Embrassant de part et d’autre la rivière Roubion, Pont-de-Barret est un lieu de lien et de croisement, témoin des évolutions historiques locales. Le Roubion coupe le village en deux, l’église romane et quelques maisons d’un côté, le vieux village perché de l’autre. Pont-de-Barret se traverse comme on tourne les pages d’un livre d’histoire.

Blotti à 240 mètres d’altitude, abrité par un hémicycle de montagnes — Sainte-Euphémie au nord, Eson et Briesse à l’est —, le village est traversé de part en part par le Roubion, qui poursuit sa course vers le Rhône à Montélimar, 25 km plus loin. Ancienne cité gallo-romaine appelée Savenna, « riche plaine », installée à la confluence du Roubion et de la Rimandoule ; le site fut abandonné dès le IXe siècle par les habitants et les moines, qui se réfugièrent sur les hauteurs de Saint-Rambert, en rive droite, pour se protéger des invasions. Pont-de-Barret devint ensuite une fortification médiévale perchée, détruite à la fin du XIVe siècle et dont les ruines embellissent encore le village.

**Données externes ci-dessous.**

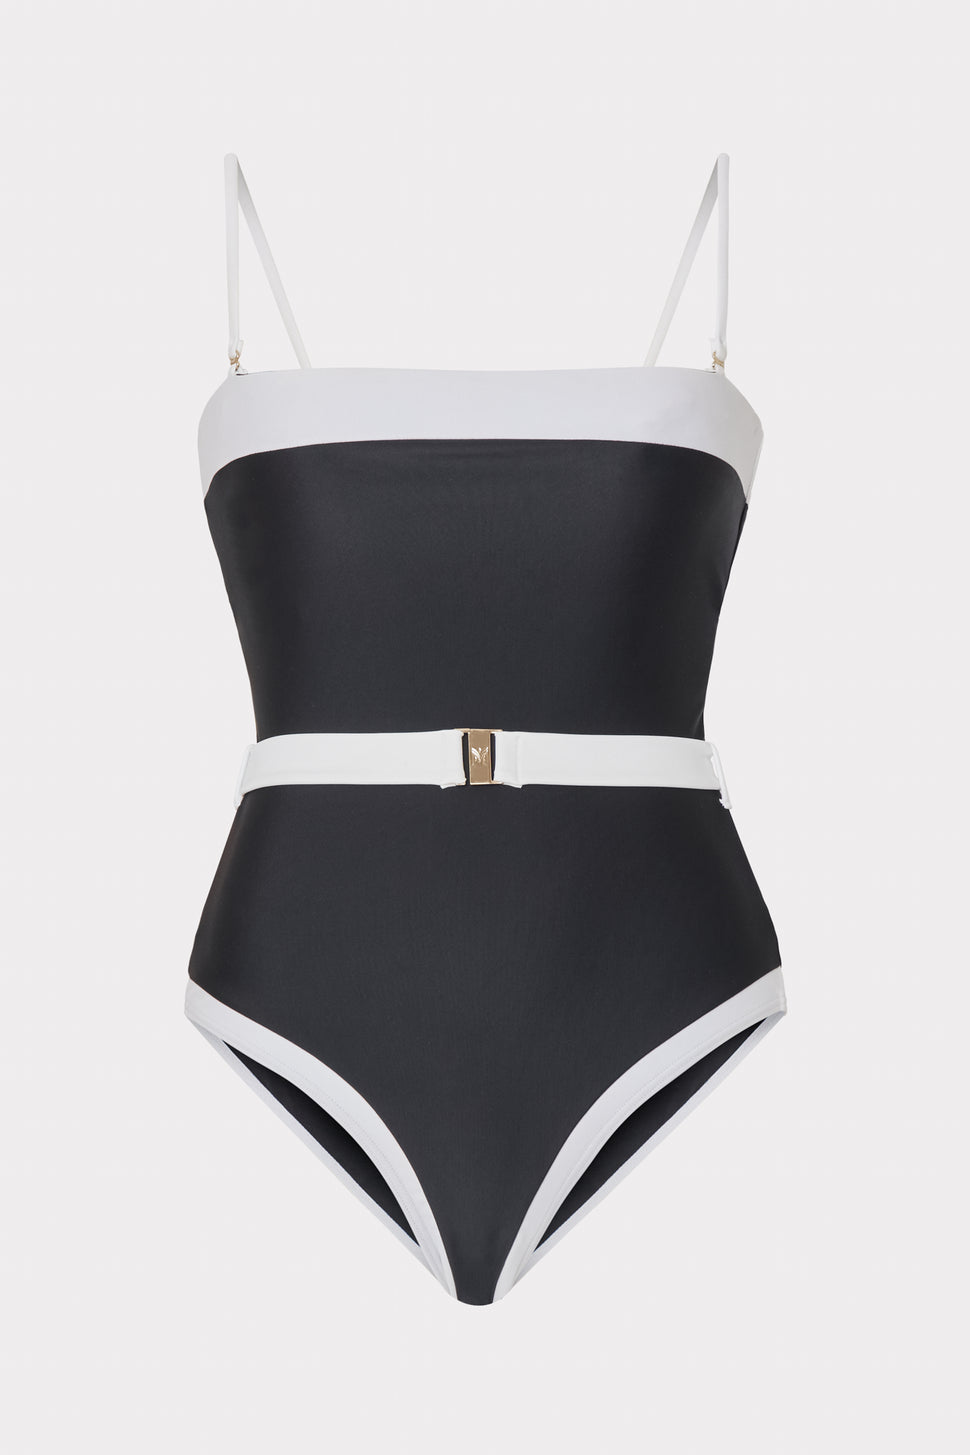 NWT 14 $188 SPANX Sexy Belted Bandeau Black and White One Piece Swimsuit

Au sommet de la montagne Sainte-Euphémie se dressait une chapelle, aujourd’hui disparue, où vécut un ermite au XVIIIe siècle ; la randonnée jusqu’au sommet récompense l’effort par un panorama sur les plaines et montagnes alentour.

La montagne d’Eson, avec sa barre de rochers rouges orientée plein sud, est très recherchée pour l’escalade, y compris en hiver.

Le village connut aussi, sur la route historique de la soie entre les filatures cévenoles et les fabriques lyonnaises, une industrie du moulinage florissante — deux corps d’usine de part et d’autre du Roubion en témoignent encore — avant que l’agriculture ne redevienne l’activité dominante.

Un collectif d’artistes, des artisans d’arts et des associations culturelles occupent ces sites aujourd’hui.

Au XXème siècle, les exploitations familiales pratiquaient la polyculture et l’élevage ovins, caprins, bovins, lait et viande. Les cultures de céréales à paille et de fourrage étaient majoritaires. La vigne tenait une place importante dans les coteaux ou terres de faible valeur agronomique.

L’agriculture a connu une grande mutation après la 2ème guerre mondiale. A ce jour, le lavandin et les chênes truffiers ont remplacé la vigne. Grâce à l’arrivée de l’irrigation, les cultures de semences (maïs, tournesol) ont pris la place des céréales à paille.

Que faire à Pont-de-Barret :

Découvrir l’église Notre-Dame-la-Brune (XIIe siècle), classée Monument Historique, les calades, le vieux pont, le kiosque et la Vierge.

Se baigner ou se promener le long du Roubion.

Grimper à la montagne d’Eson, sites d’escalades réputés.

Randonner jusqu’au sommet de Sainte-Euphémie pour son panorama.

Repères

Gentilé Pontoises et Pontois.
Population 672 habitants.
Superficie 1 660 hectares.
Altitude moyenne 240 mètres.
Ancien nom Savenna (cité gallo-romaine).
Monument classé Église Notre-Dame-la-Brune (XIIe siècle, MH).
Sentiers La montagne d’Eson, le plateau de Briesse et les balcons de Briesse.